Trust, Transparency, and Explainability in AI User Experiences
A strong foundation of trust, transparency, and explainability is key to any successful AI user interface. AI transparency refers to making a system’s design, data, and operational processes visible and understandable to users. In other words, transparency reveals the what and the how behind the system’s operations. You can then build on this transparency to achieve AI explainability—often known as Explainable AI (XAI), which focuses on clarifying the whys behind AI decisions.
This foundational information lets users understand the rationale behind the system’s recommendations or actions, allowing them to have more control over how they use AI and enhancing efficiency and security. Transparency and explainability provide a sense of accountability, enabling users to understand, evaluate, and even contest AI-generated outputs.
Key Design Principles for Building Trustworthy AI User Interfaces
An effective AI user interface must inspire trust in the user from the first use. There are several foundational principles that a user experience must embody to do this. Let’s consider the most prominent of these principles.
Visibility
Visibility is a key principle of UX design, but it’s even more important within the context of emerging technologies such as AI, where there’s a high chance that a user might be wholly unfamiliar with a technology. From the first interaction, make users aware of how the AI contributes to the overall experience, how to use it, and what results they can expect.

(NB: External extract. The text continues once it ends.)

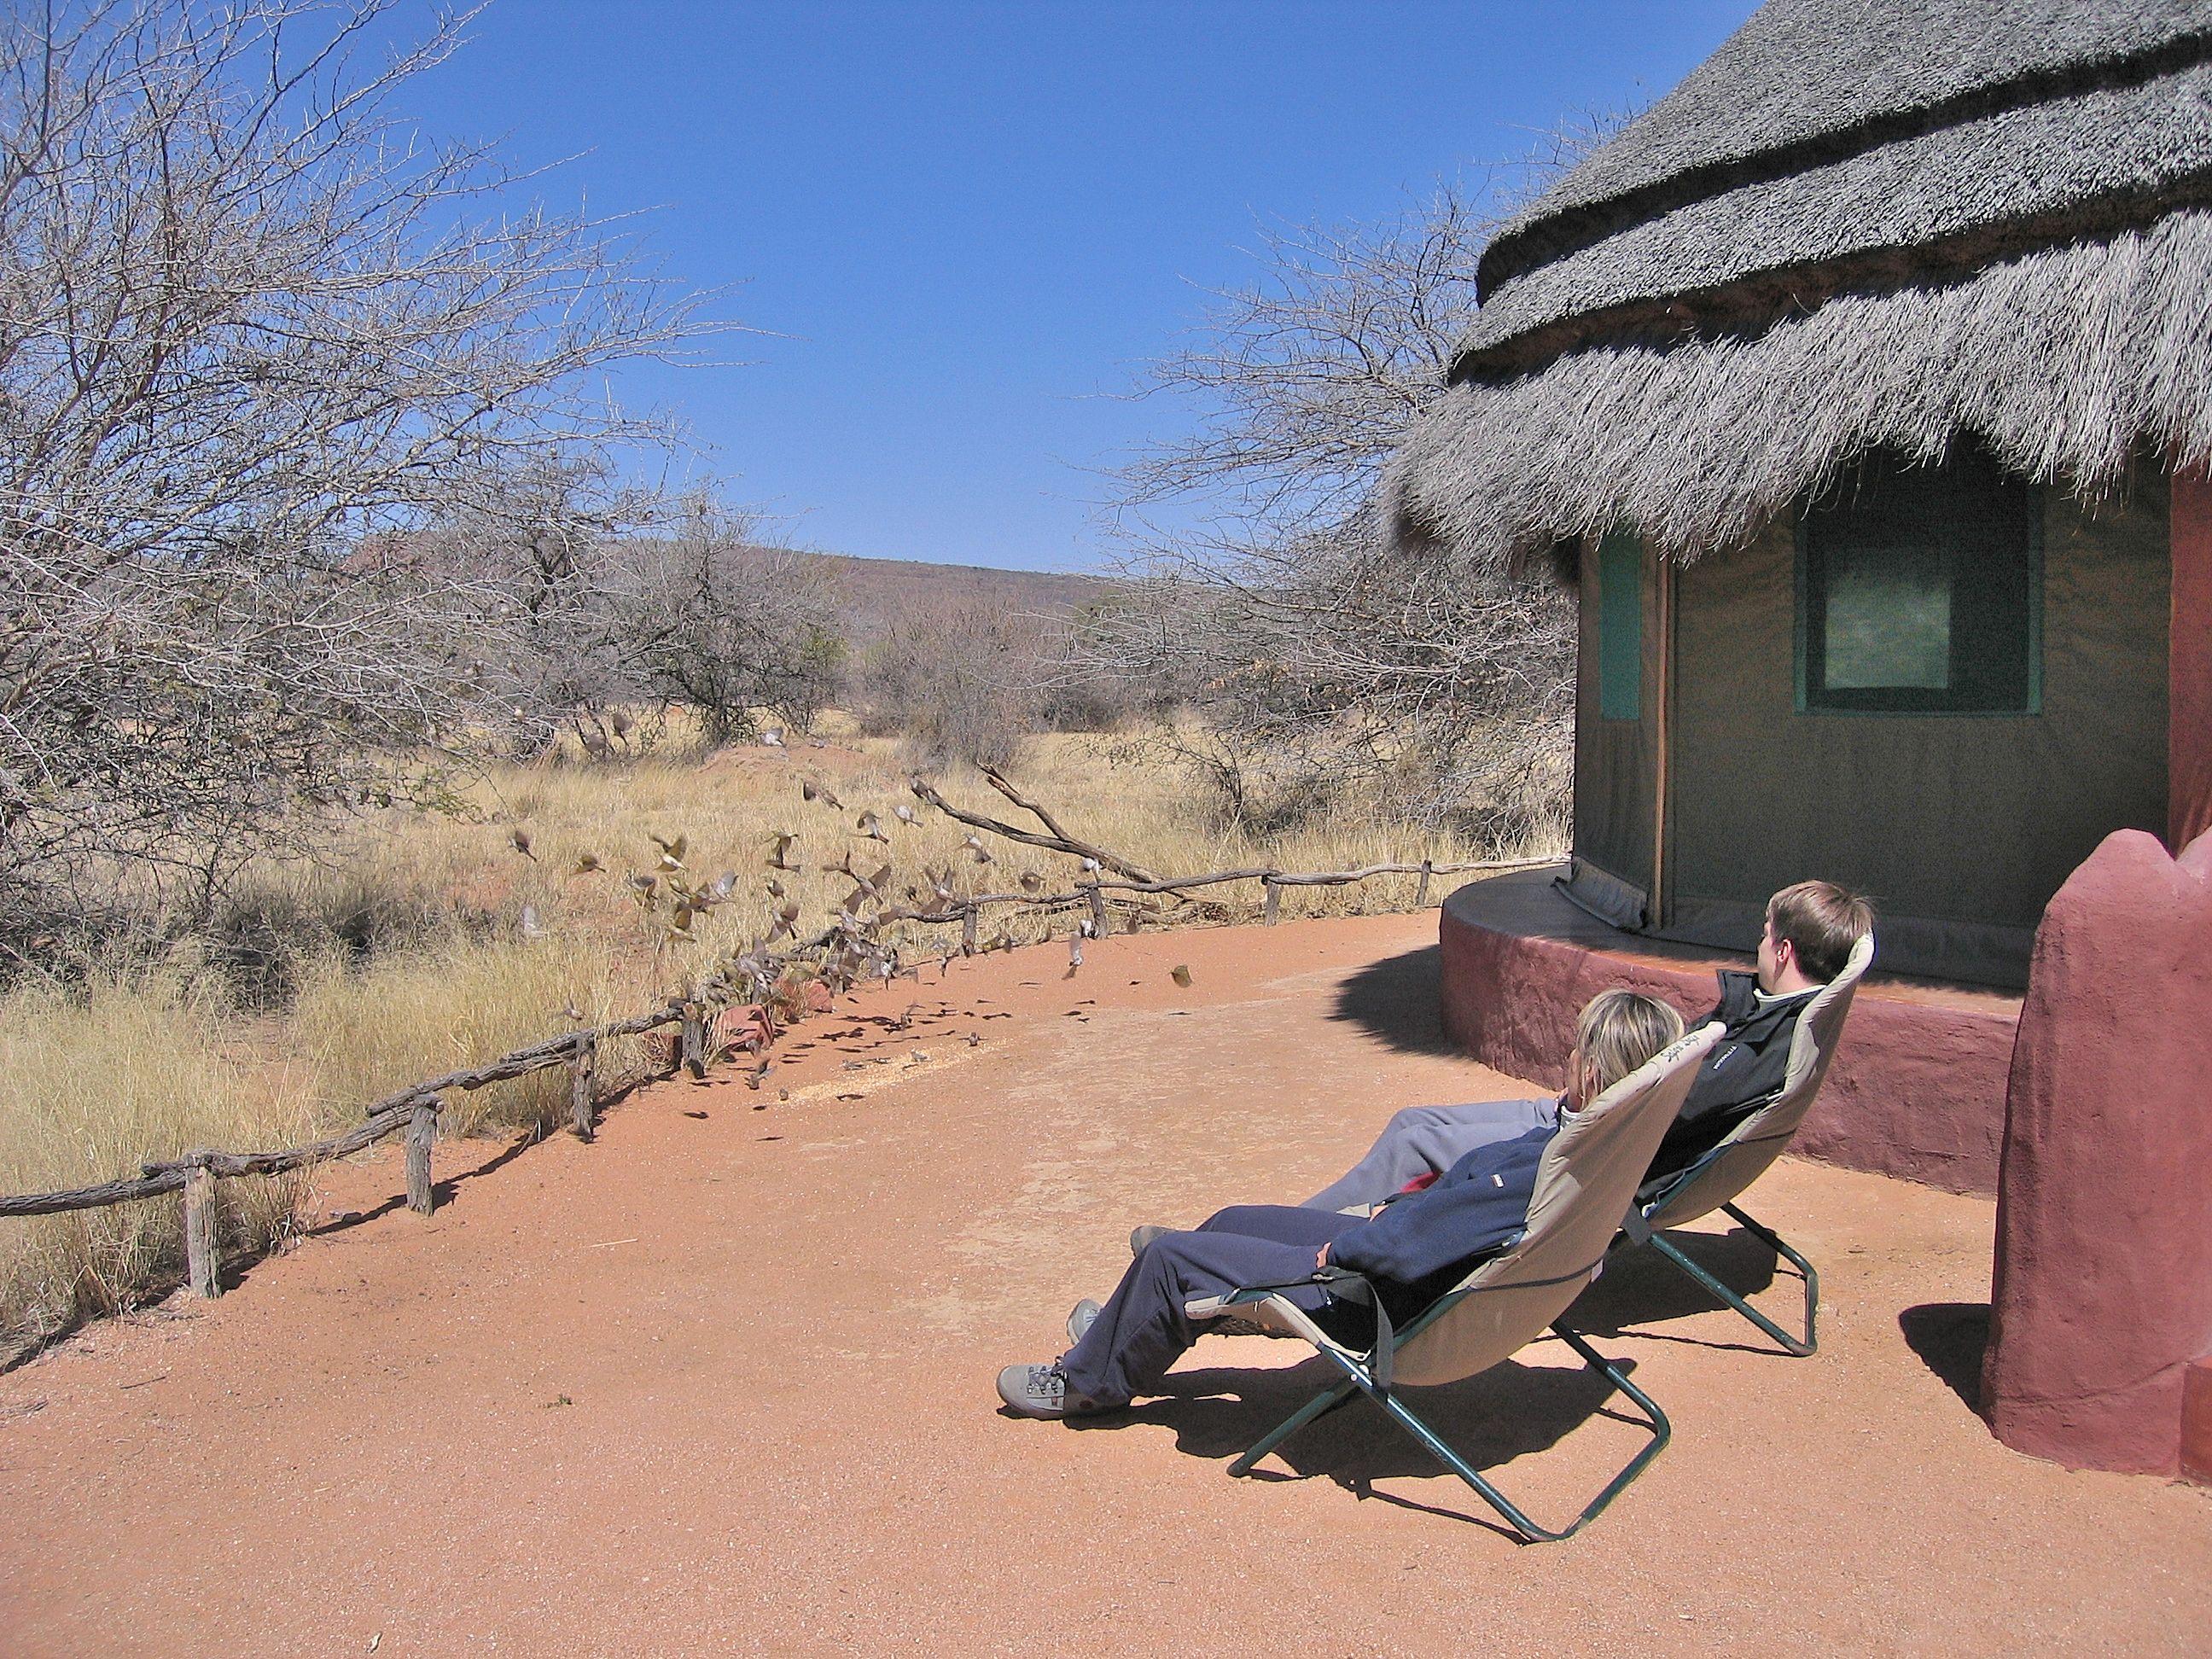 siti di incontri a Windhoek consigli di incontri per ragazzi solitari

Visibility is an important aspect of demystifying the complex processes that happen in AI user interfaces to enable the user to quickly and easily digest them. When users can immediately see everything they need, they’re more likely to use the user interface more effectively and get better results.
Explainability
The explainability of AI user interfaces is essential. Many AI tools are designed to keep a lot of information under the hood—either for aesthetic reasons or to sustain the magic of its capabilities. While a bit of mystery can be great for dazzling consumers during product demonstrations, when it comes a tool’s actual use, most users need to understand how and why an AI user interface has produced certain results.

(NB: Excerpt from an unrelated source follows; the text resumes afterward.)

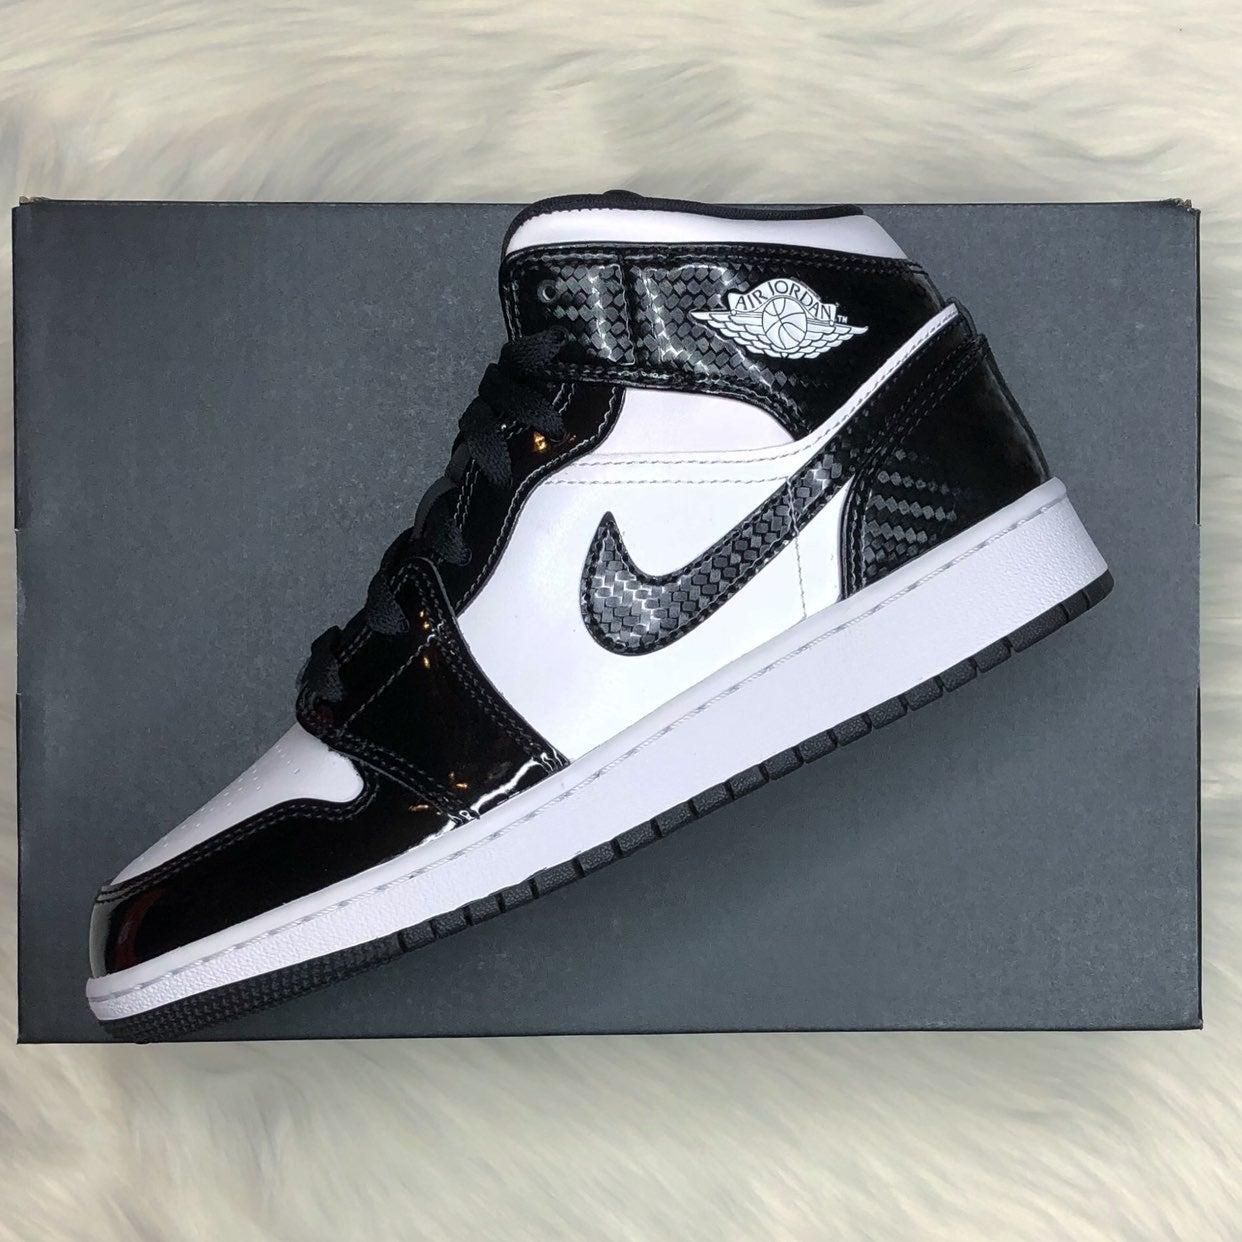 Nike Air Jordan 1 Mid asw

While you don’t need to let the user see all the complex algorithms and processes that drive AI—and are often proprietary and confidential anyway—showing the reasoning behind how an AI has reached a certain conclusion lets users adapt how they use it to get better results. Explainability also necessitates explaining an AI system's limitations and pitfalls—such as potential AI hallucinations. This lets users know just what to expect from the output of an AI user interface.
Freedom from Bias
The necessity of being bias-free is important for AI user interfaces. Freedom from bias mainly focuses on the AI itself and on ensuring that the algorithms driving the experience don’t unintentionally favor one group over another. While this is not necessarily something you can control when designing the user experience, you still need to consider bias-free design principles to make an AI user interface as functional for and trusted by as many users as possible.
Universal usability is essential. Otherwise, an AI user interface could exclude and alienate certain users. Users shouldn’t have to hunt for information on how to use an AI user interface effectively. It should not be necessary to refer to a guide to make sure a resume fits into a clunky AI system. Build the necessary information into the user interface itself.